PROMPT — Starting at the line containing "Energielabel Thorbeckegracht 73-B Zwolle" and ending at the line containing "Return of the Legend Chapter 21", transcribe the listing below exactly. Keep both end lines, skip the pictures, and copy nothing else.

MATERIAL FOR THE TASK —
+ + +

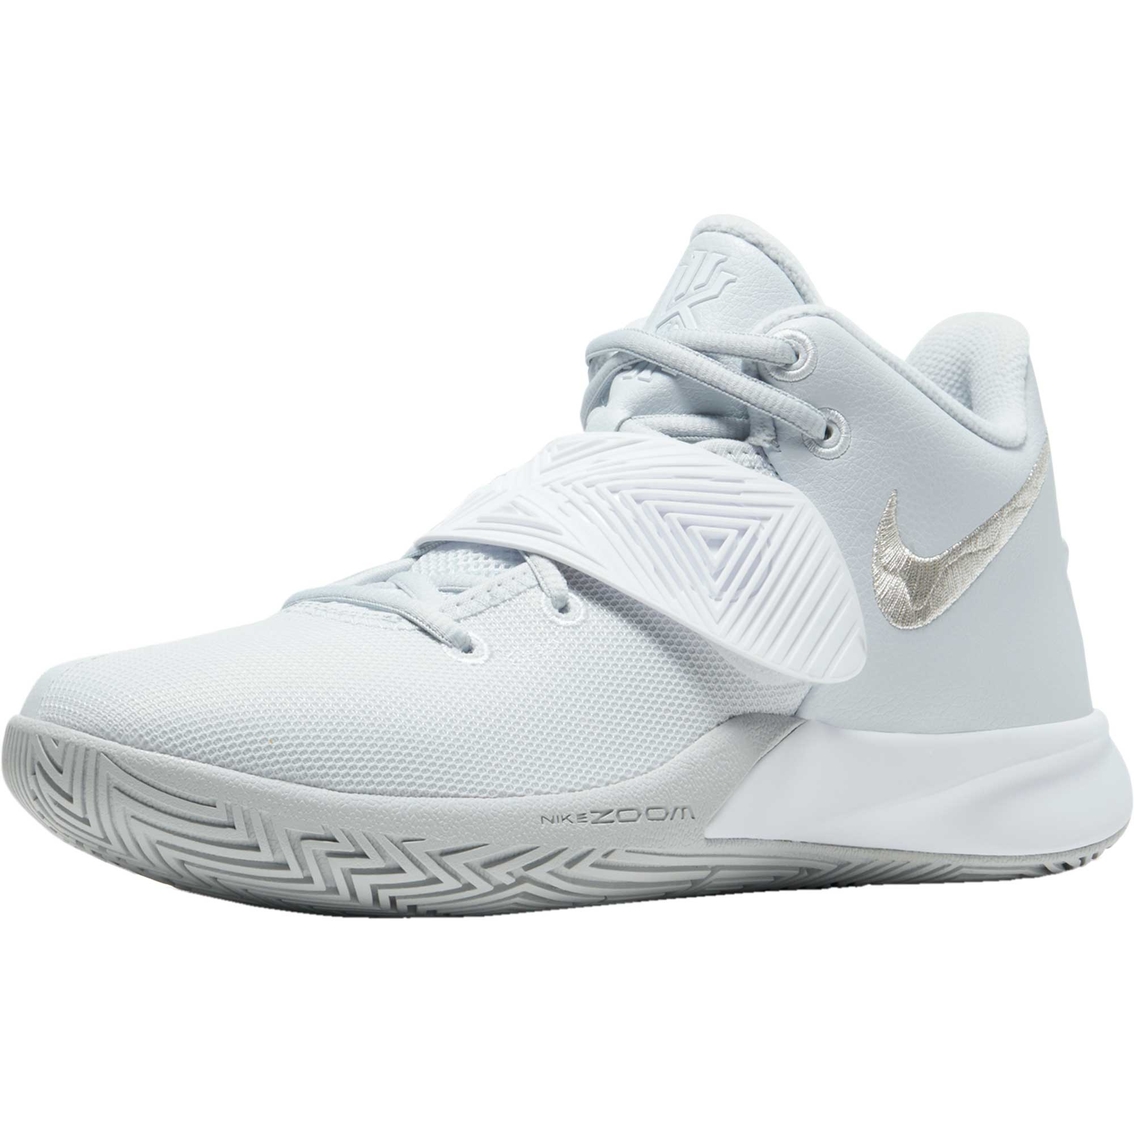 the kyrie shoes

+ + +

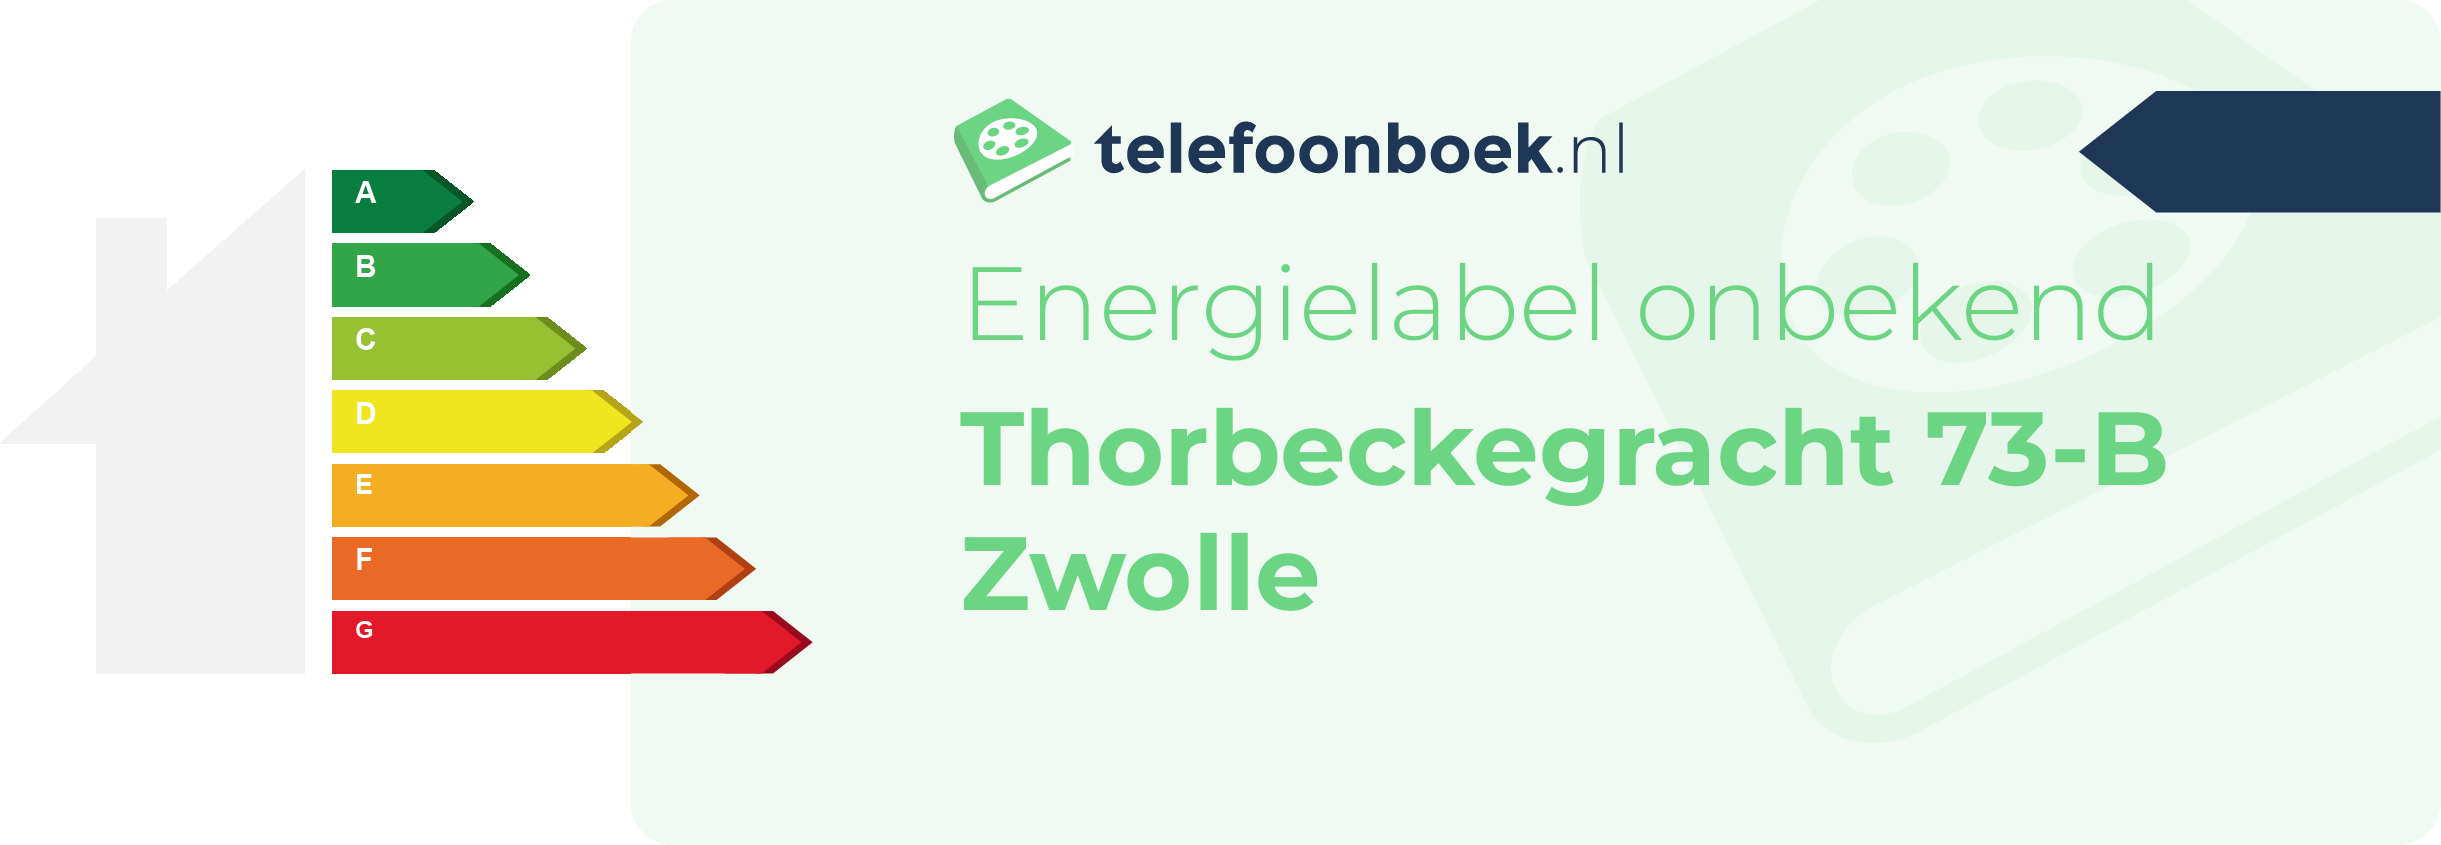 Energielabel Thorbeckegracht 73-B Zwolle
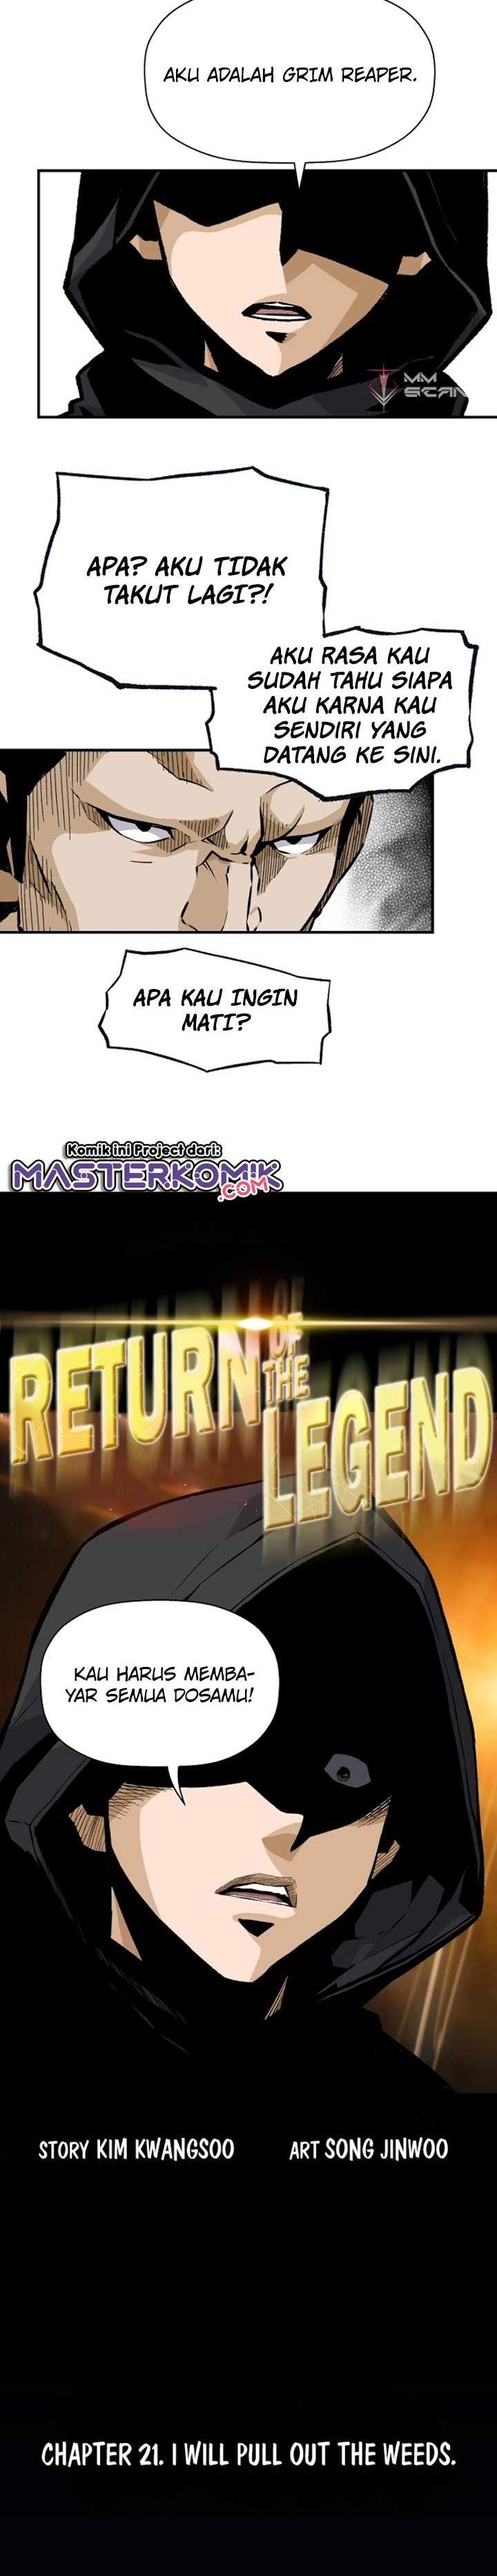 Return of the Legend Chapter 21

+ + +

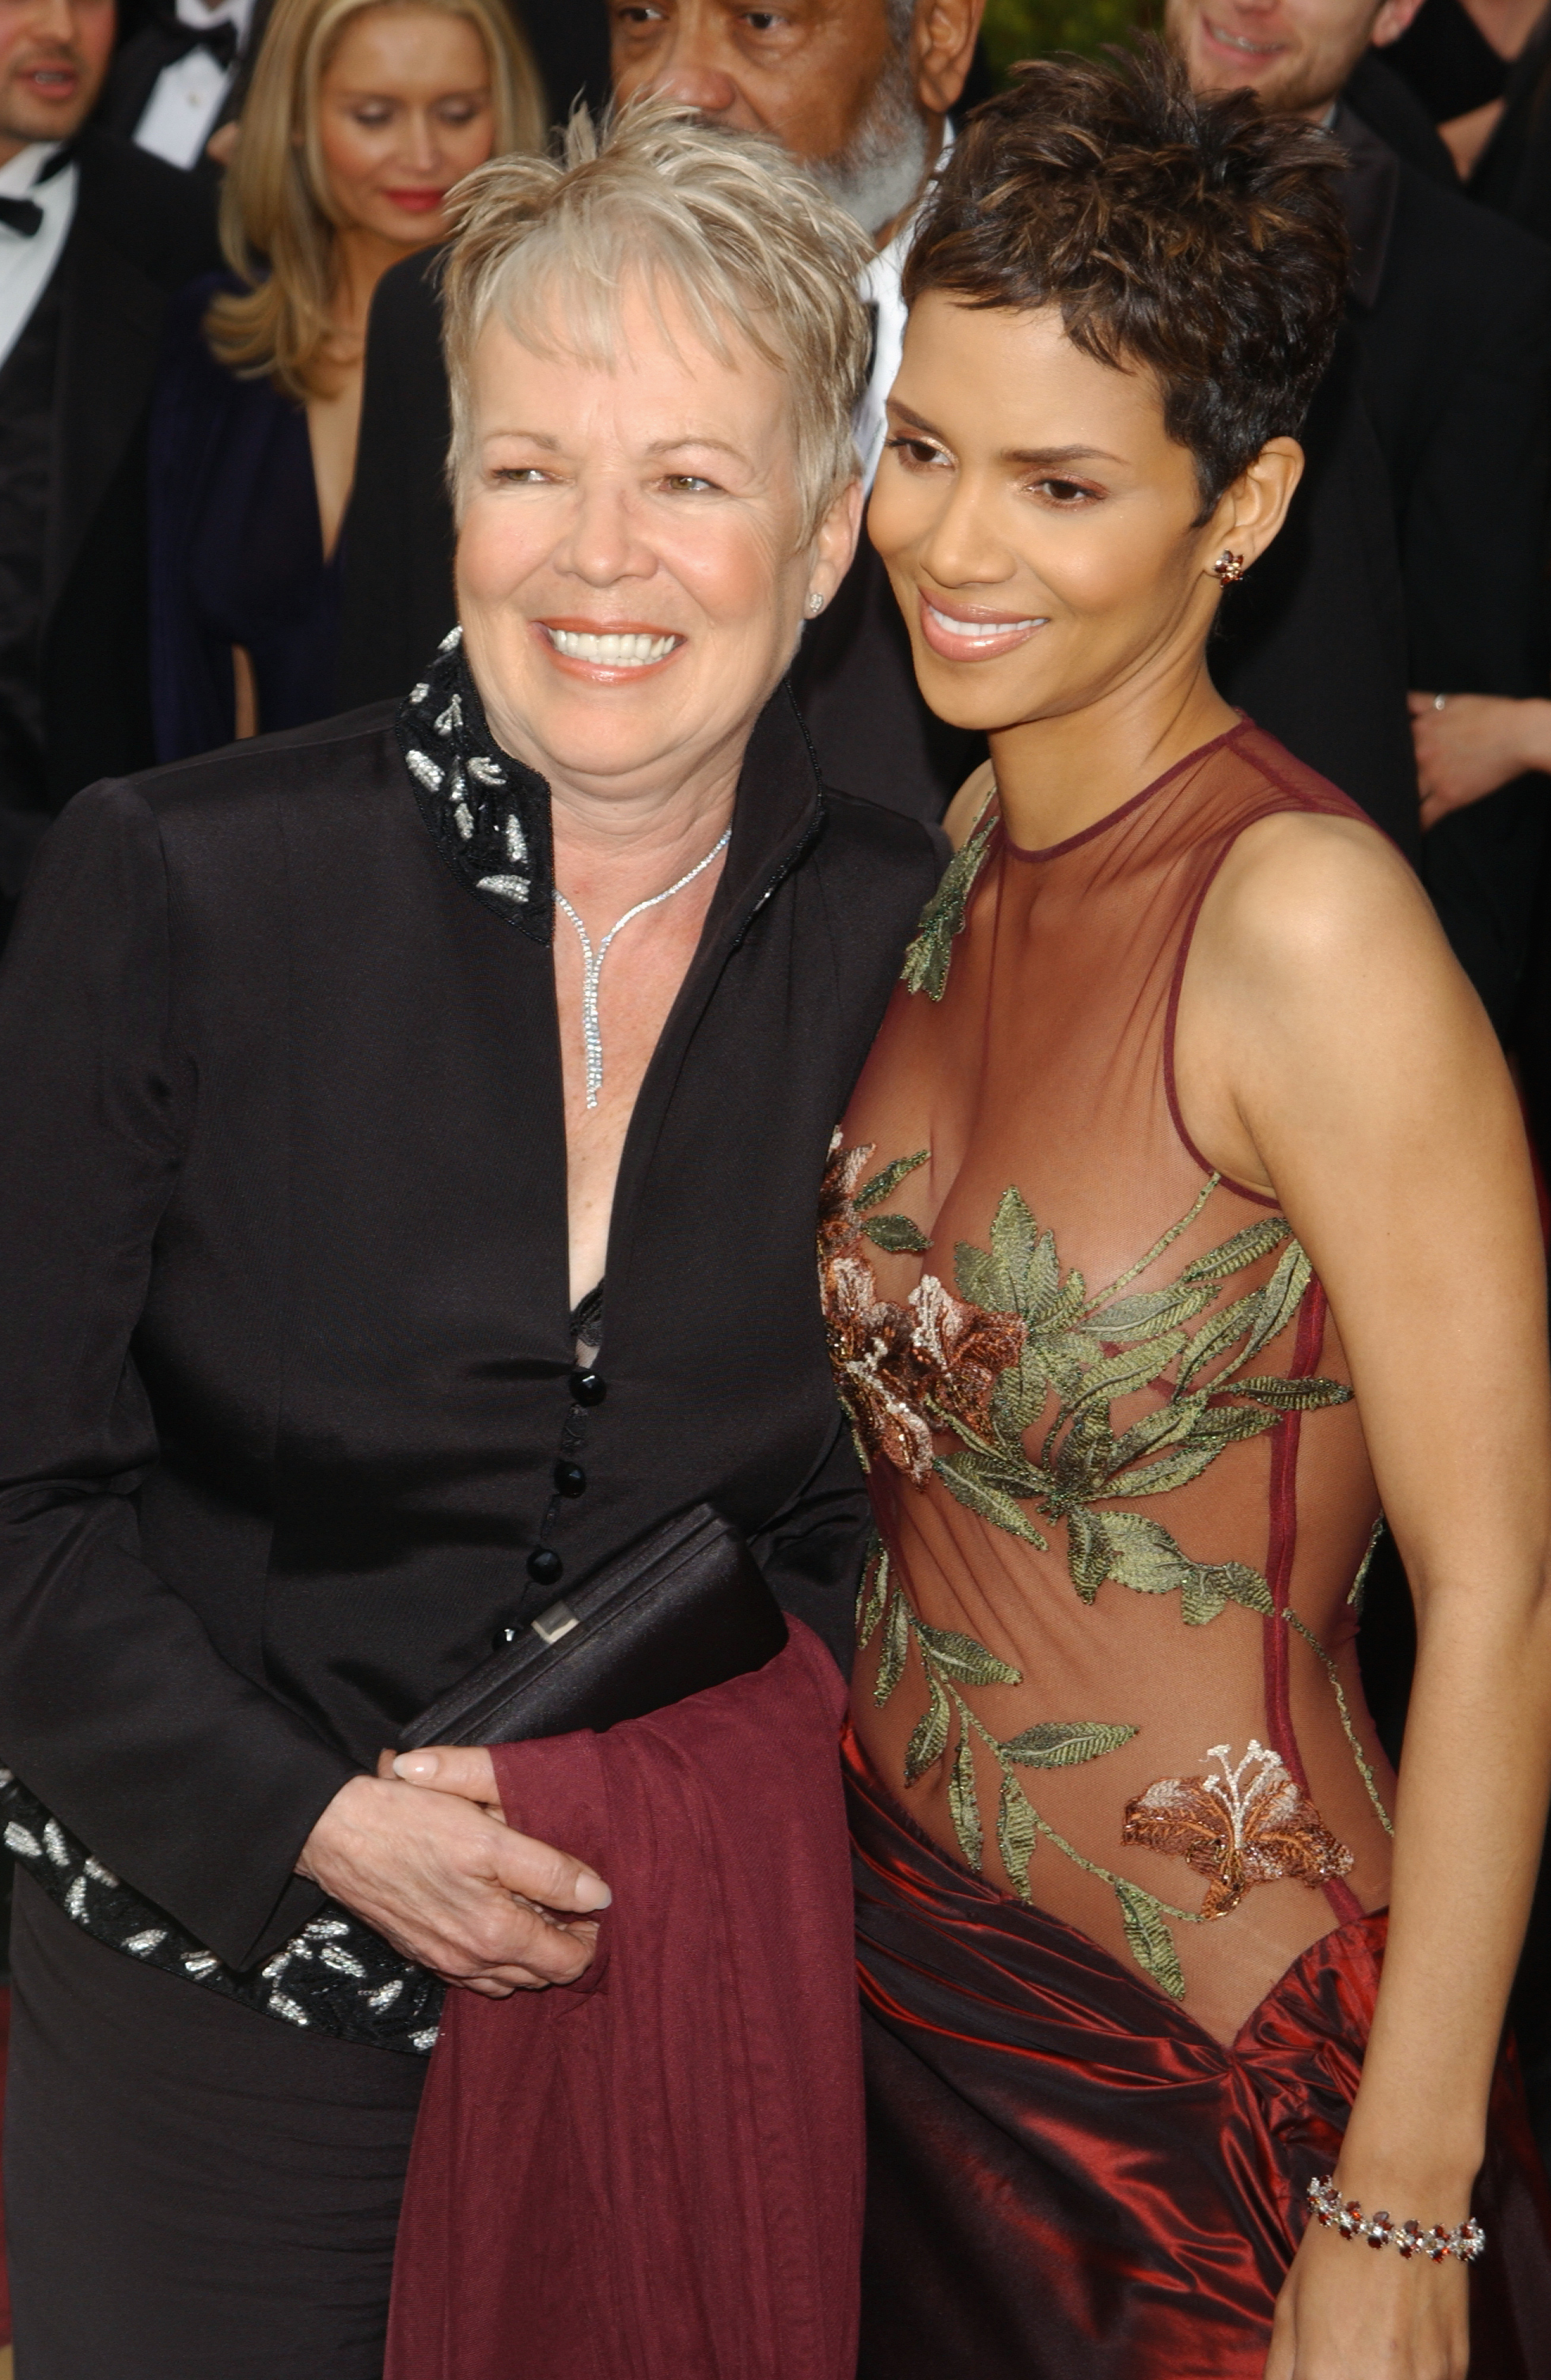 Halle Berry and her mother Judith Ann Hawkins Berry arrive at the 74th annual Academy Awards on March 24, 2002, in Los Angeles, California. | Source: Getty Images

+ + +

SOLUTION FOR THIS EXERCISE —
 Energielabel Thorbeckegracht 73-B Zwolle
 Return of the Legend Chapter 21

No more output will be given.